Nothing beats fresh pasta - take it up a notch with homemade spinach and cheese ravioli made from scratch! The steps are easy.

Are you looking to incorporate more homemade "ingredients" or recipe components into your kitchen? Pasta is a great early step in your journey. It does take a bit of time and practice, but the taste can't be beat, and it's all simple ingredients.
You can either use a rolling pin and knives, or invest in a pasta machine. You can even find attachments for the Kitchenaid if that's what you have. Plus you'll find lots of excuses to use it, such as Whole Wheat Lasagna Noodles! Homemade Noodles are a great first step because you truly don't need the special equipment.
Serve these with butter and fresh Parmesan, whip up a quick Alfredo, try a drizzle of olive oil, or make our favourite Tomato Bacon Pasta Sauce to go on top.
Key Ingredients

Flour - All-purpose is great for this as it'll taste most like store-bought when you are transitioning the family to homemade foods.
Eggs - Nothing beats a classic egg noodle. This is the perfect recipe when your backyard eggs are in abundance.
Cheese - Make your own (I promise it's easy!) or pick it up from the store. We'll use ricotta, mozzarella, and Parmesan.
Baby Spinach - A great way to sort of sneak in veggies. It doesn't get a lot into the kids but it's finely chopped and mixed with cheese so they won't say no.
How to Make Ravioli From Scratch
***See recipe card below for precise measurements and instructions.***


Step 1: Add eggs to flour.
Step 2: Knead it up into a quick dough.


Step 3: Divide into 8 equal pieces.
Step 4: Begin feeding one piece through the pasta machine.
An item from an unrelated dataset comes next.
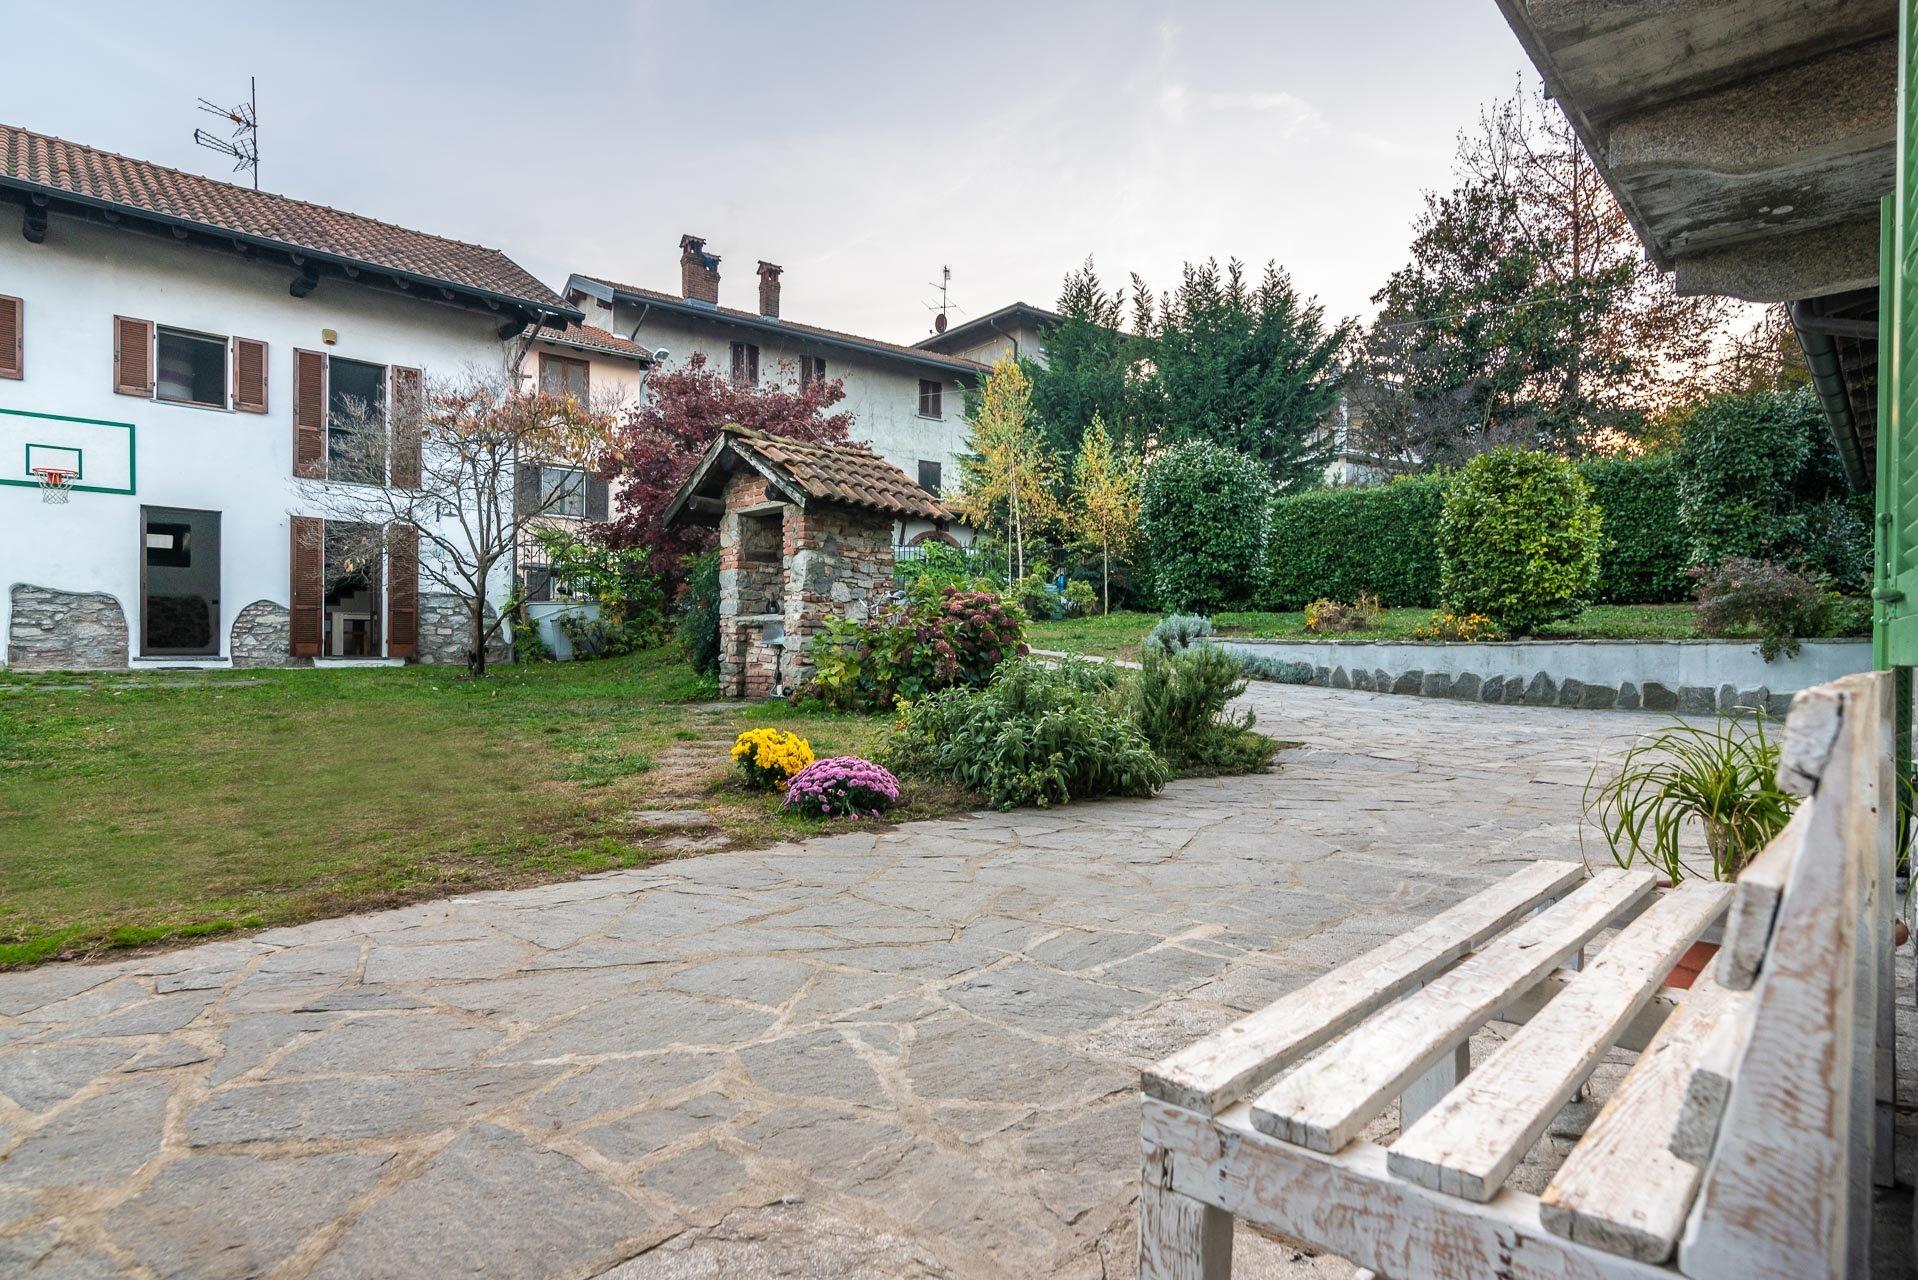 Rustikale Renovierung zum Verkauf in der Nähe des Lago Maggiore
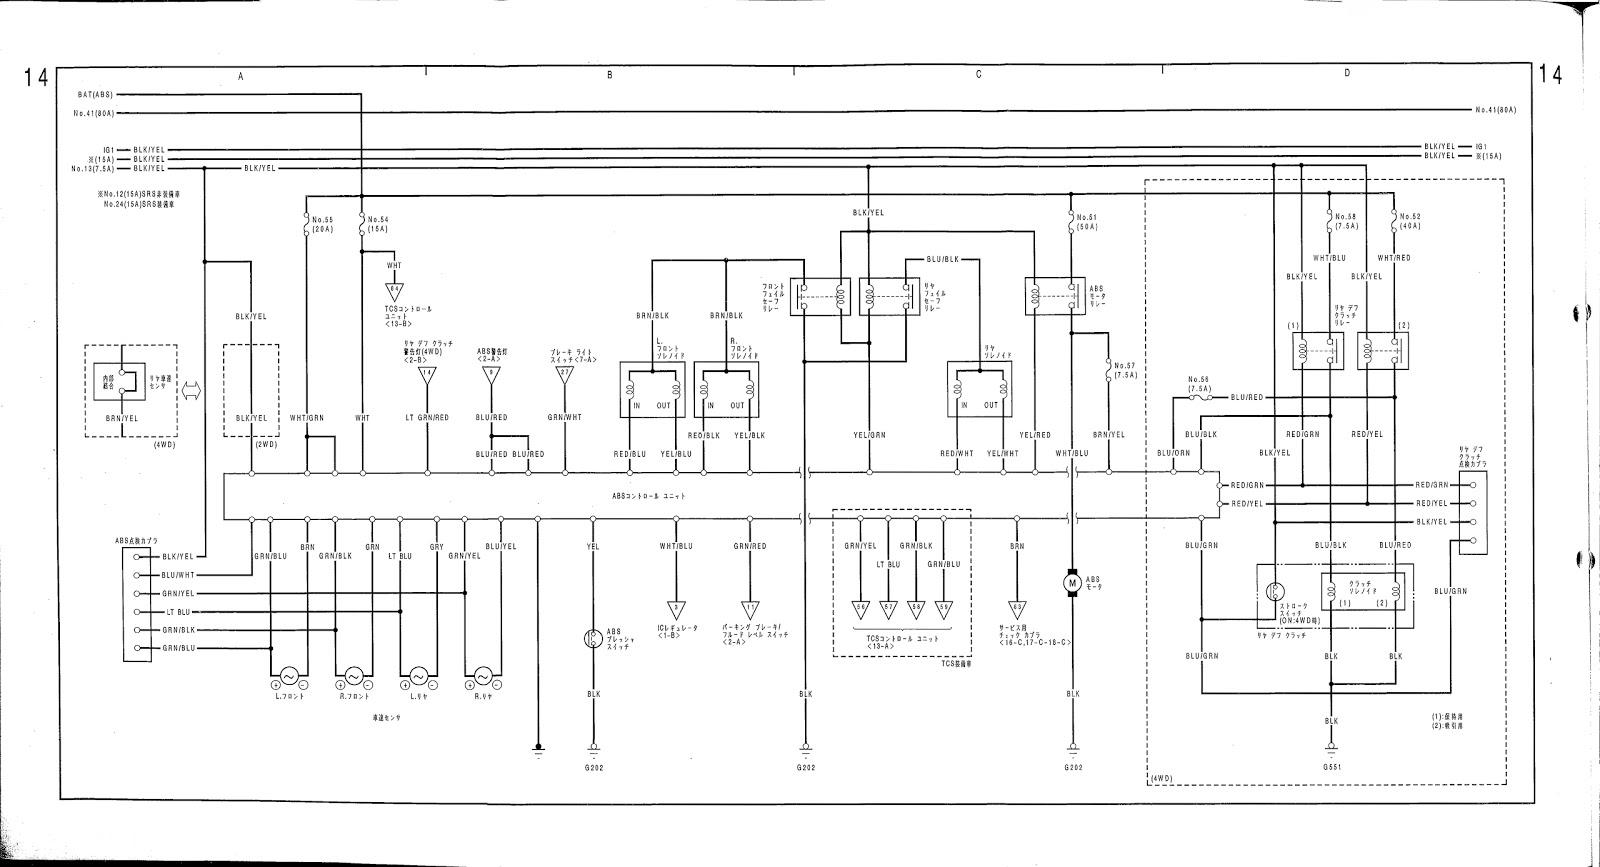 Kenwood Kdc 448u Wiring Diagram Kd R Model X595 Speaker Bt848u Images For

Step 5: Get it thin and split in half.
Step 6: Put each one through until you have the thinnest setting.


Step 7: Mix up filling in a bowl.
Step 8: Add 6 dollops of filling, evenly spaced. Brush with water.


Step 9: Add second dough sheet and gently press.
Step 10: Cut apart and set aside for cooking.
FAQs
You don't - you will just need lots of patience! A rolling pin can certainly do the job, but it will take some skill. You still want to get the dough as thin as possible, so you might roll it out on parchment paper so you aren't using too much flour on the dough. Definitely cut the dough into 16 equal pieces so you are making a single strip from each one.
You don't want things to dry out, and this is a time intensive recipe. After dividing the dough into eight pieces, wrap 7 of them in plastic wrap, or a fairly damp tea towel. Keep an eye on it and re-wet the towel partway through if necessary. If it dries out it won't be pliable and won't neatly go through the rollers.
Sometimes it will depend on how wet the dough is, how evenly you split the dough, and how thin you roll it out. I aim to get about 6 ravioli from each of the 8 sections, making 48 pieces. This is a great meal for 8 then, especially if you add salad and maybe a protein on the side. The kids would eat a lot more if it's all I gave them!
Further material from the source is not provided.